Tuesday Remix – This is a popular post from last year, updated and rerun for your consideration and comments.
In a previous post here, I addressed one group among Christians today who respond to the gay marriage issue with vocal disdain and “protests” designed to change the behavior of people outside the church; trying to get non-Christians to act more like Christians. Silly endeavor, I think.
But the mediator in me wants to be fair. There are other groups in the church which have our response to this issue equally wrong, particularly when the same-sex marriage issue pertains to people inside the church, i.e., to people who are Christians themselves and have chosen to subject themselves to the Spiritual accountability of the church. There is a group within the church who believes same-sex marriage is immoral and runs against God’s desire for humanity, but who doesn’t believe it is any of the church’s business to say so even when it involves its own members. This group would say, “Just love them…leave their decisions about their private lives to themselves…it is not our business to be their ‘moral police.’” My question is, in what kind of world does that attitude constitute love?
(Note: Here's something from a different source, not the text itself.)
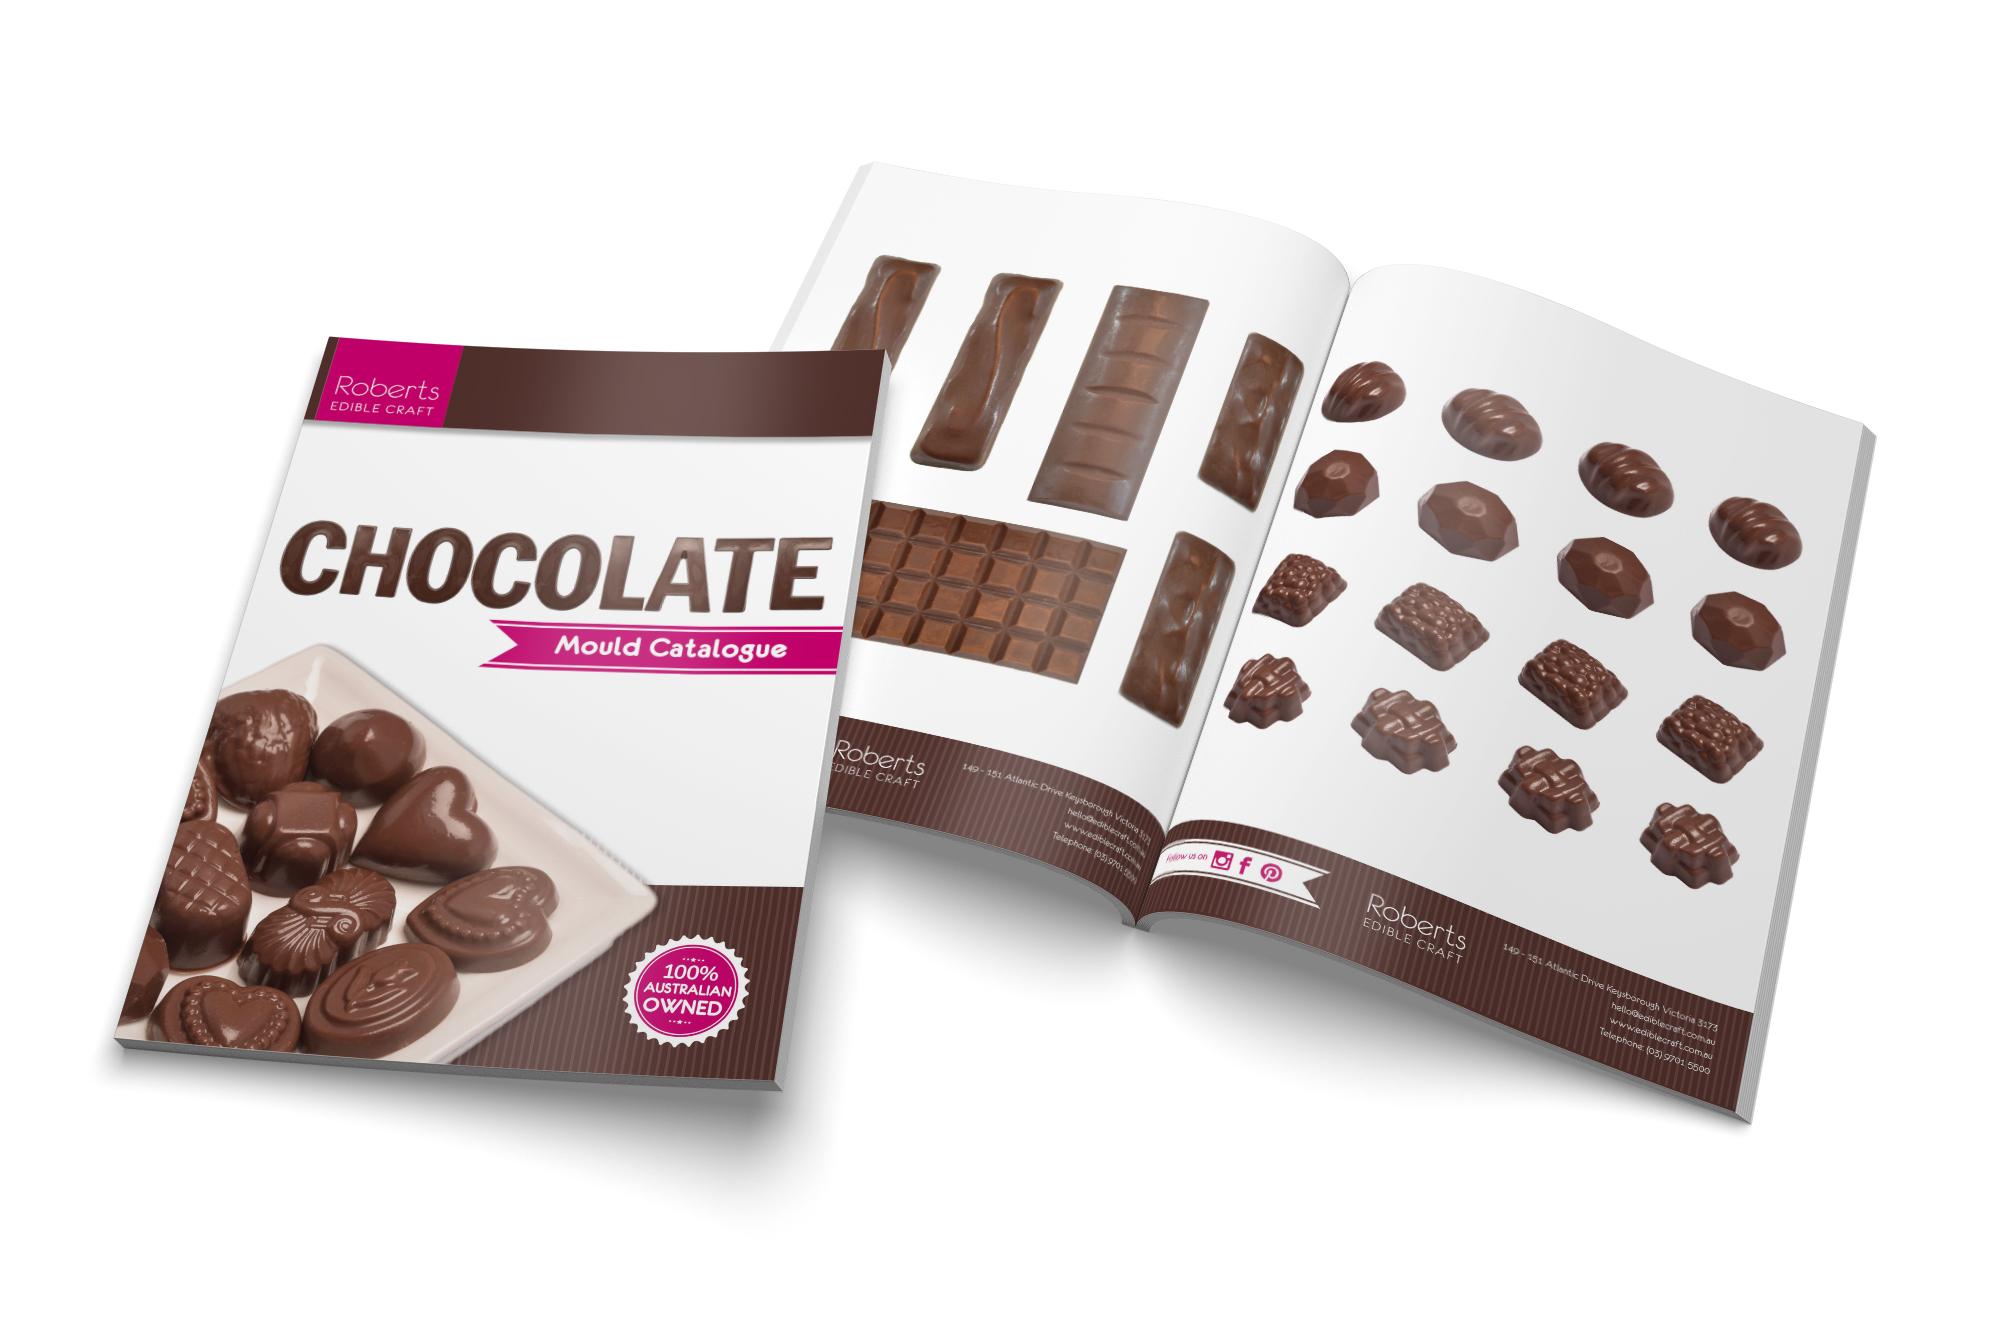 roberts-chocolate-catalogue-swatch.jpg

I’m reminded of when my daughter used to come into the house with yet another new injury. Those of you with “active learners” for children know exactly what I mean. When that would happen, there were some things which we both knew needed to happen. Neither of us wanted to do those things, but at least one of us knew they were necessary (and the other one of us would grow to figure that out eventually). This wound was going to get cleaned. It was painful (for both of us) and the process was no fun at all, but I was going to do it anyway, even knowing that, for a short time, it would put our relationship on troubled waters.
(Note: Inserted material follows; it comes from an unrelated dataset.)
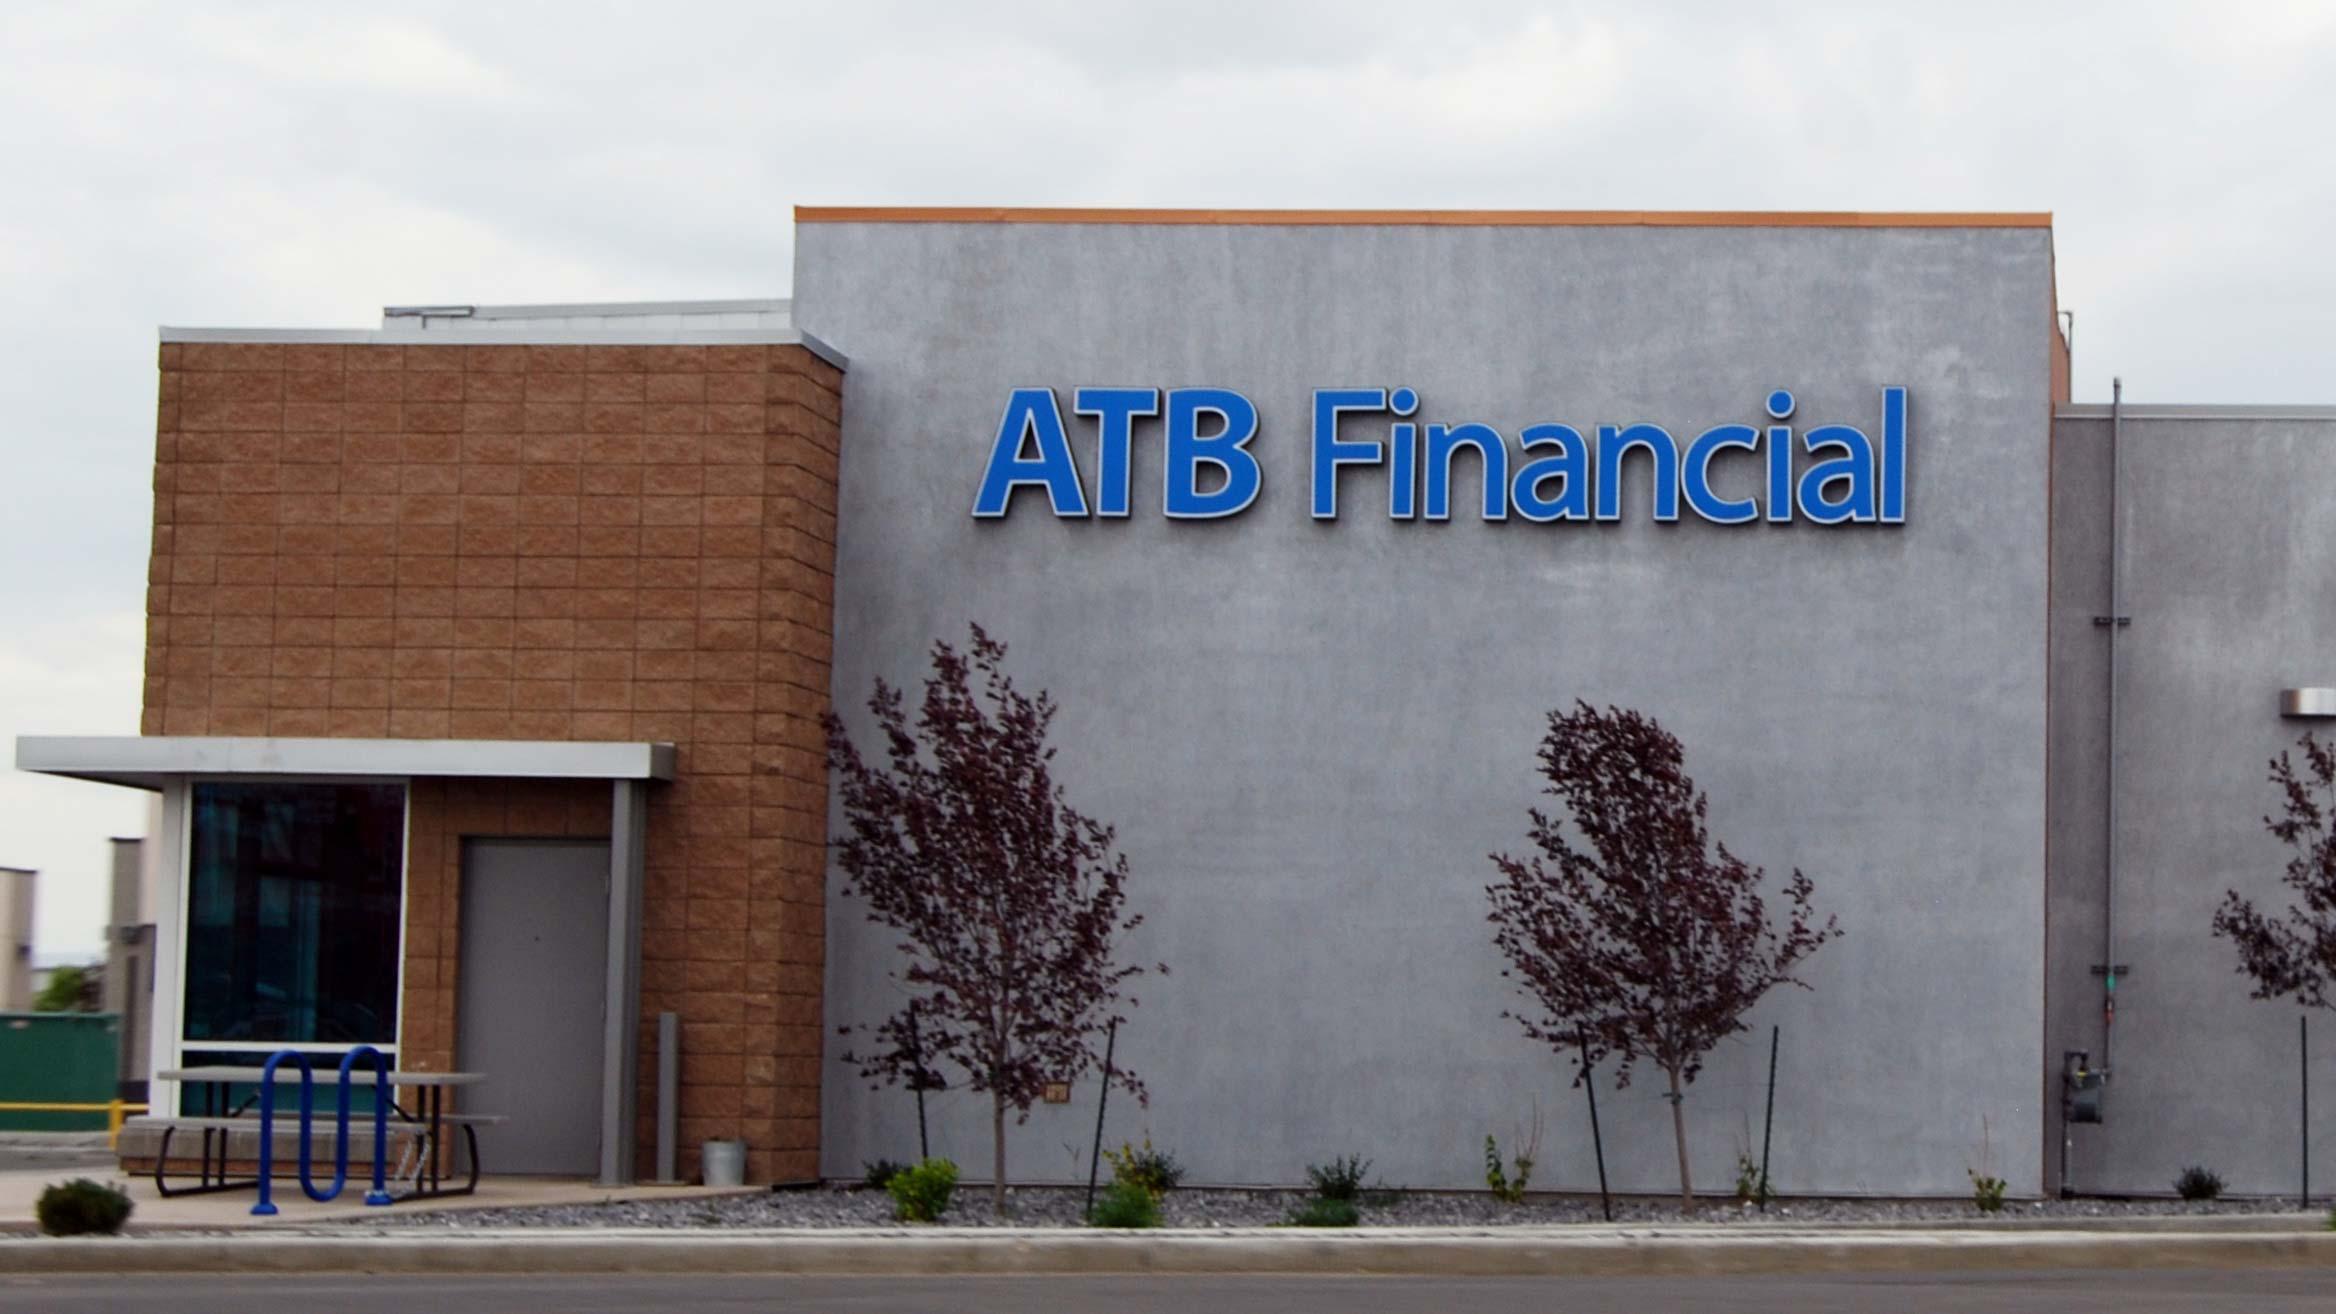 atb financial building - atb apple pay

The question is, why did I do it? Was it because I am a good leader? Was it because I have some kind of special training in first aid? Was it because I just enjoy the confrontation? Simple…it was because I love her. And that is the reason we confront one another in the church about Spiritual brokenness.
If God has put me into your life in a relationship of Christian community, and if I have lived out that role in a way so as to show you that I really do love you and care for you, then I feel a responsibility to you Spiritually. And when you make decisions in your life that I believe may constitute Spiritual mistakes, what kind of brother in Christ would I be to just stand back and watch without asking you any hard questions about it? That’s not love. That’s indifference…which is the opposite of love. There is nothing Christ-like about indifference.
Love compels me to say something, to do something. By the way, any other motivation would be wrong. If I feel compelled to confront you because I believe your behavior is embarrassing the church or somehow hurting me or my leadership, then that is NOT a right motivation. There is nothing in God’s Word which would endorse that motive. But my love for you and my desire for your best Spiritual interests will always be a right motive.
Bottom line for today’s post is this: as Christians, do we love each other enough to confront each other, or not? That’s an important question, don’t you think?